--- Prompt ---
Nothing but an exact copy is wanted: the line with "Pink Roses for" and each line after it in the data below, last line included.

--- Supplied material ---
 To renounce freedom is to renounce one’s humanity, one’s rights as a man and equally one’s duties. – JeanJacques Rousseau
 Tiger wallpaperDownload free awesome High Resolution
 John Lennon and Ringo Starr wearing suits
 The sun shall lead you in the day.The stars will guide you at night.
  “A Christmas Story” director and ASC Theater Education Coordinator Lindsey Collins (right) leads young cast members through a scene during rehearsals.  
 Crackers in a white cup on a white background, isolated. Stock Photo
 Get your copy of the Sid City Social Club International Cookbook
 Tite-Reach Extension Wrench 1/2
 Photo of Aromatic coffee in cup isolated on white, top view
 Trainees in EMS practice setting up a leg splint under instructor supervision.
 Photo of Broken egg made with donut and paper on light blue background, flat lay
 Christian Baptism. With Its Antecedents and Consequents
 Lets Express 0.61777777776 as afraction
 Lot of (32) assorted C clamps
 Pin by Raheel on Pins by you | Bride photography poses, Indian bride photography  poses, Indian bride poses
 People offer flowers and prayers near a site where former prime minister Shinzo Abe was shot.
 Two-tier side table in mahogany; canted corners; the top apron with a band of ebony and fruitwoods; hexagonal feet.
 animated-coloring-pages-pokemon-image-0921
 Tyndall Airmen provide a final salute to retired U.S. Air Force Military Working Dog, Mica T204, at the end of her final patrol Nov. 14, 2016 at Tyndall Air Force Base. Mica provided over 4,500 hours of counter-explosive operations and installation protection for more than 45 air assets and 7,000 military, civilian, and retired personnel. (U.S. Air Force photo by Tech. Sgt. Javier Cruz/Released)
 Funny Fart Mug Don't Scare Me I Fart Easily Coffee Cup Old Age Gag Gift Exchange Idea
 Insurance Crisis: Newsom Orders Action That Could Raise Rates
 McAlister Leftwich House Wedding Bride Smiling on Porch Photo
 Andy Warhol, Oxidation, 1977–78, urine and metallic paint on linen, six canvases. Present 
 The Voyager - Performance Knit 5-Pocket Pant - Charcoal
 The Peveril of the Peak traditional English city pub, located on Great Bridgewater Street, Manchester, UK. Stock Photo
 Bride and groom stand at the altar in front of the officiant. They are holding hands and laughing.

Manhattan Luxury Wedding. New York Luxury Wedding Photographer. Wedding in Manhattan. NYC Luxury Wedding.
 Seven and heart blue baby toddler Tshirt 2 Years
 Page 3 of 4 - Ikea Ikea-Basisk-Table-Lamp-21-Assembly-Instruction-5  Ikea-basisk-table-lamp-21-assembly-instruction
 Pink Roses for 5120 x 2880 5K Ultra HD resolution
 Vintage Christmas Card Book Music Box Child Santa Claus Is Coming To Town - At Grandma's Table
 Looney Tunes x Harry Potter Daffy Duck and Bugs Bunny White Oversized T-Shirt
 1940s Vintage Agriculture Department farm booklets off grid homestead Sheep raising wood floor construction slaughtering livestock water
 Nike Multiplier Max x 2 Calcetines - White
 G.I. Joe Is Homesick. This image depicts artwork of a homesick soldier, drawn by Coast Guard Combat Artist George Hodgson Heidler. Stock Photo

--- Exercise output ---
 Pink Roses for 5120 x 2880 5K Ultra HD resolution
 Vintage Christmas Card Book Music Box Child Santa Claus Is Coming To Town - At Grandma's Table
 Looney Tunes x Harry Potter Daffy Duck and Bugs Bunny White Oversized T-Shirt
 1940s Vintage Agriculture Department farm booklets off grid homestead Sheep raising wood floor construction slaughtering livestock water
 Nike Multiplier Max x 2 Calcetines - White
 G.I. Joe Is Homesick. This image depicts artwork of a homesick soldier, drawn by Coast Guard Combat Artist George Hodgson Heidler. Stock Photo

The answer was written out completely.